- [WORK ITEM] The answer must be only the lines below from the one holding "Revised_January-2021 Ford Ranger Fiesta Ford" down to the one holding "Sesión Inaugural Rector", ends included, printed exactly; please omit all pictures.

- [RECORDED INFORMATION]

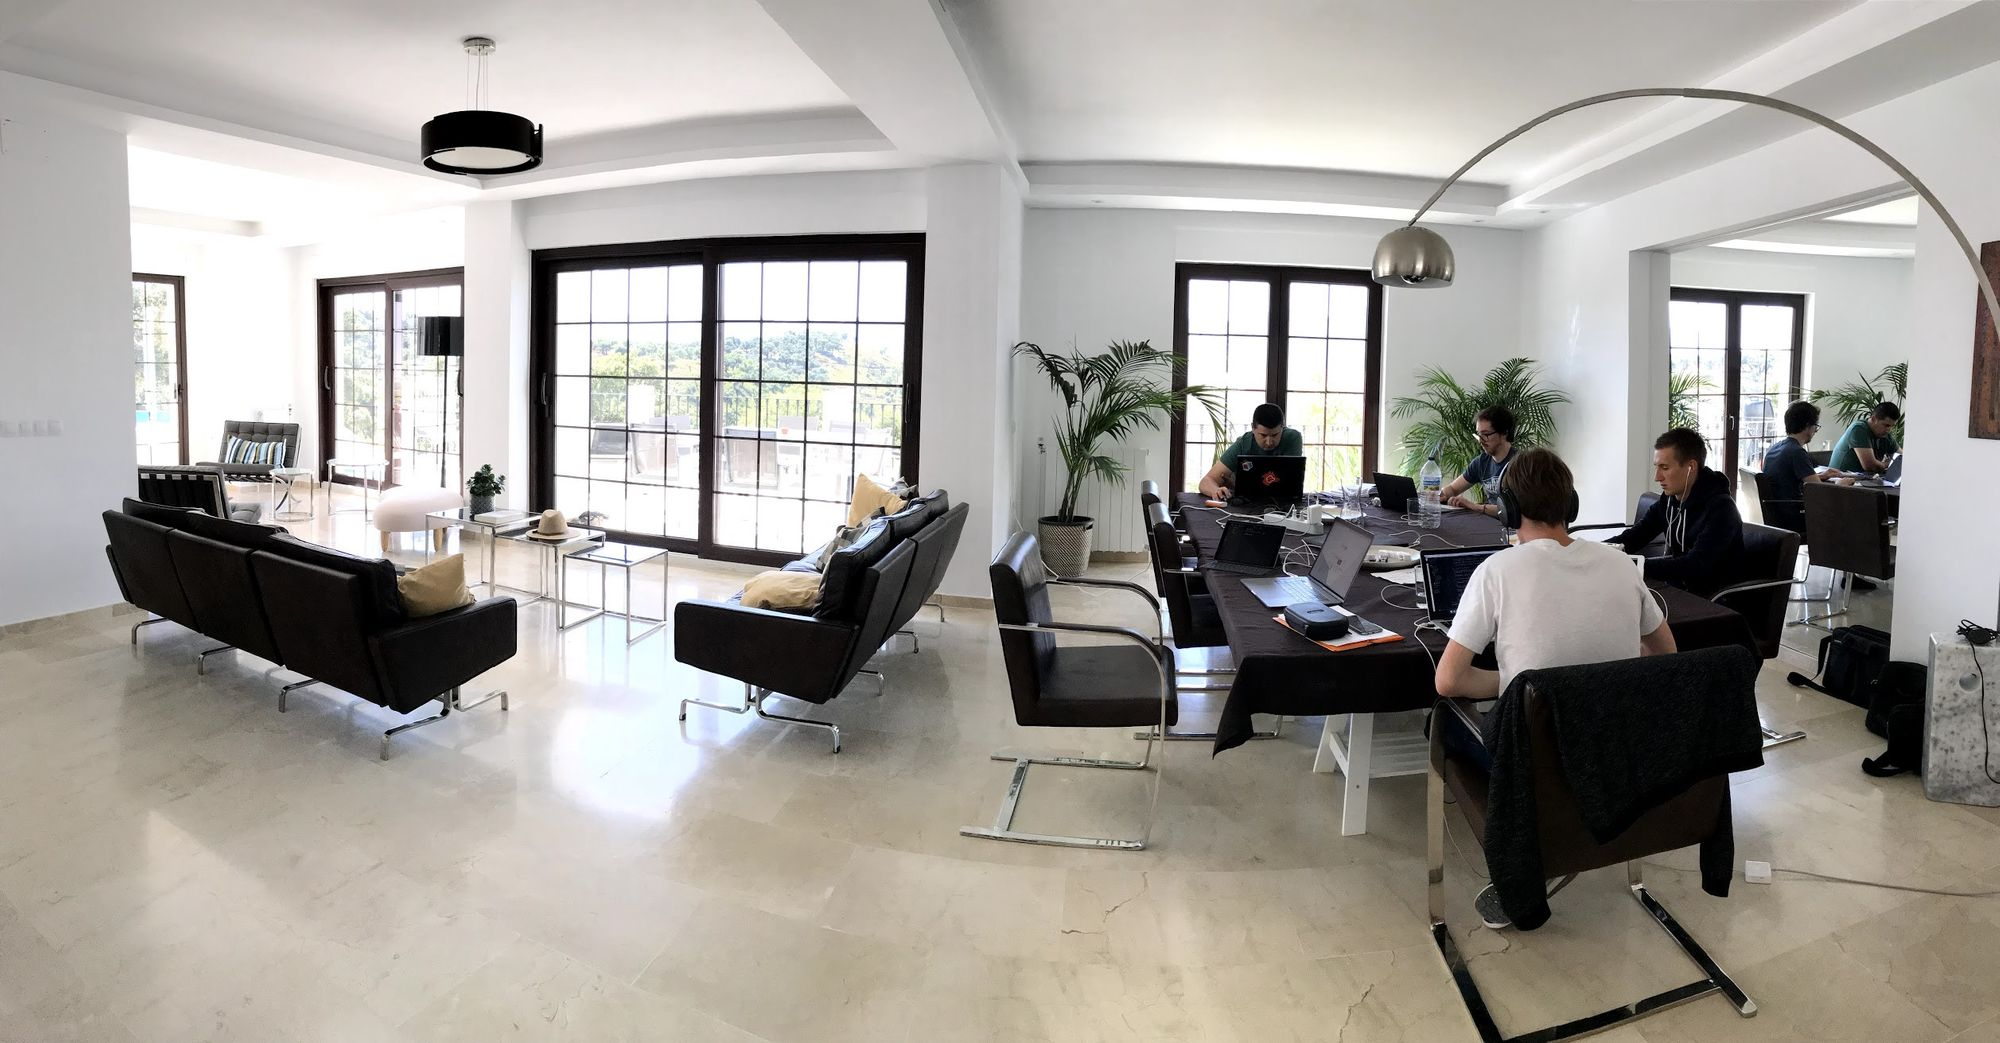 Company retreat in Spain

==

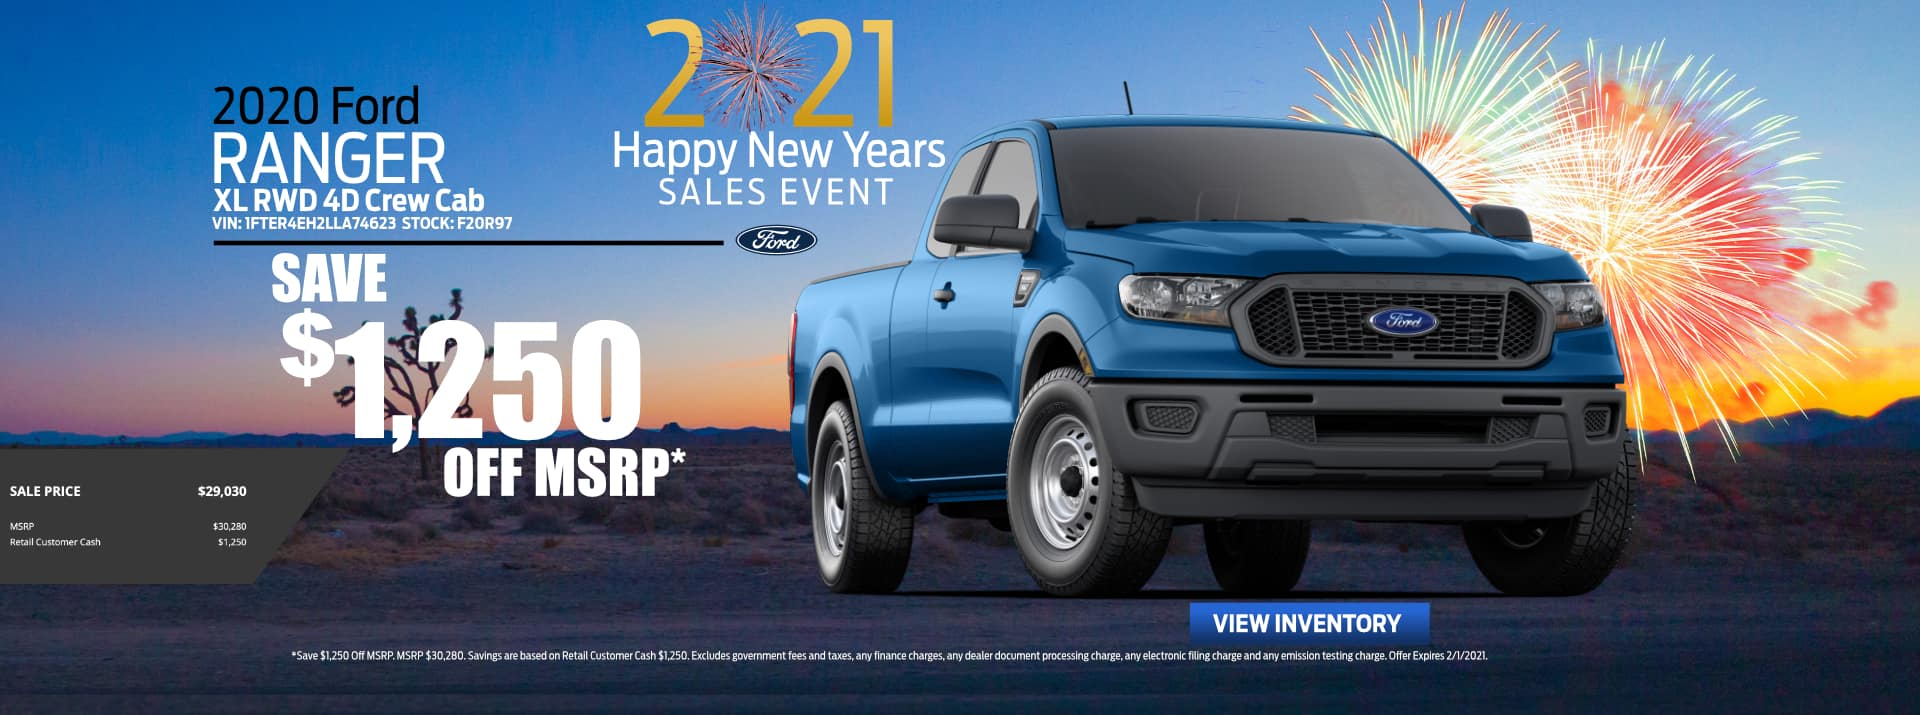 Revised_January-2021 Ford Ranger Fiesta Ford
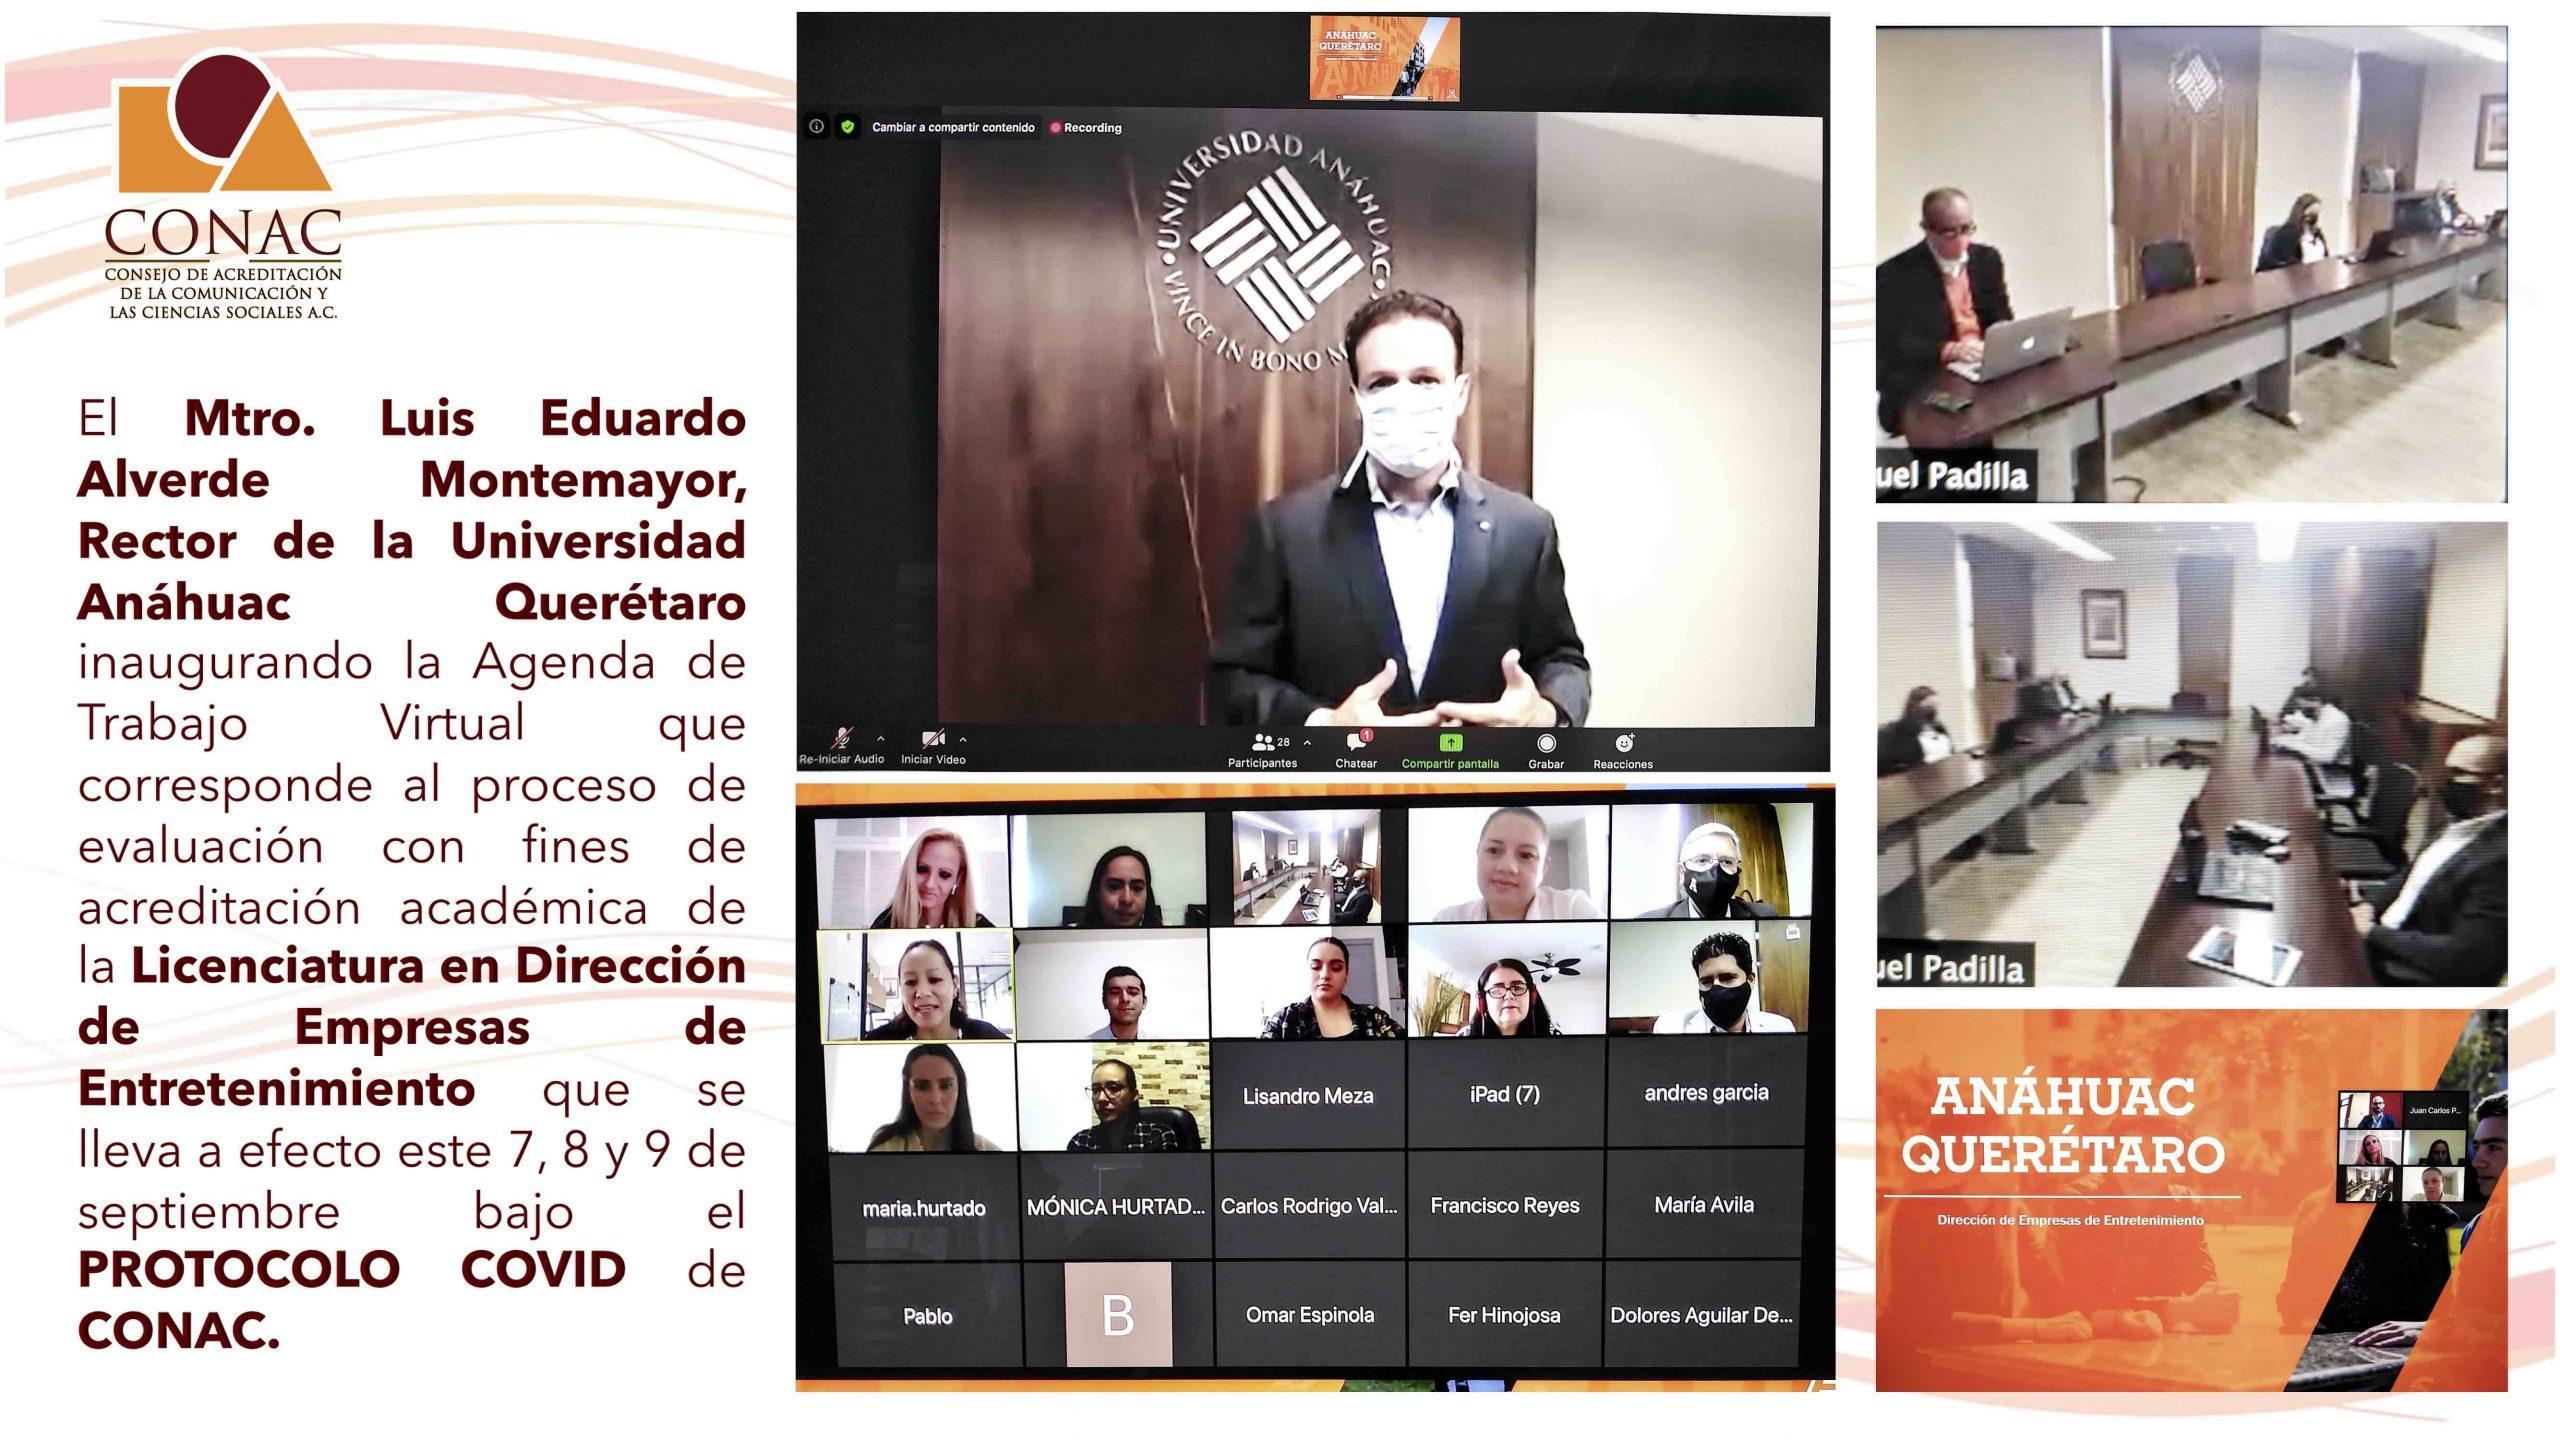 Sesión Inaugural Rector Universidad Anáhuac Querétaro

--

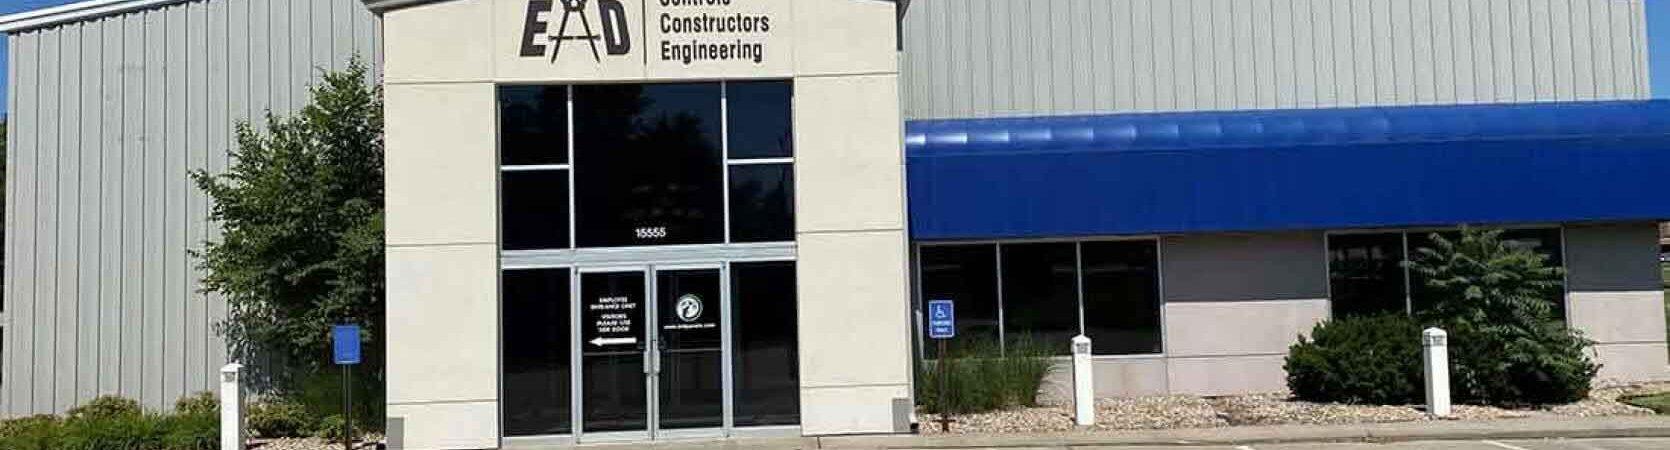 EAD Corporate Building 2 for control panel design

- [ANSWER TO THIS PROBLEM]
 Revised_January-2021 Ford Ranger Fiesta Ford
 Sesión Inaugural Rector Universidad Anáhuac Querétaro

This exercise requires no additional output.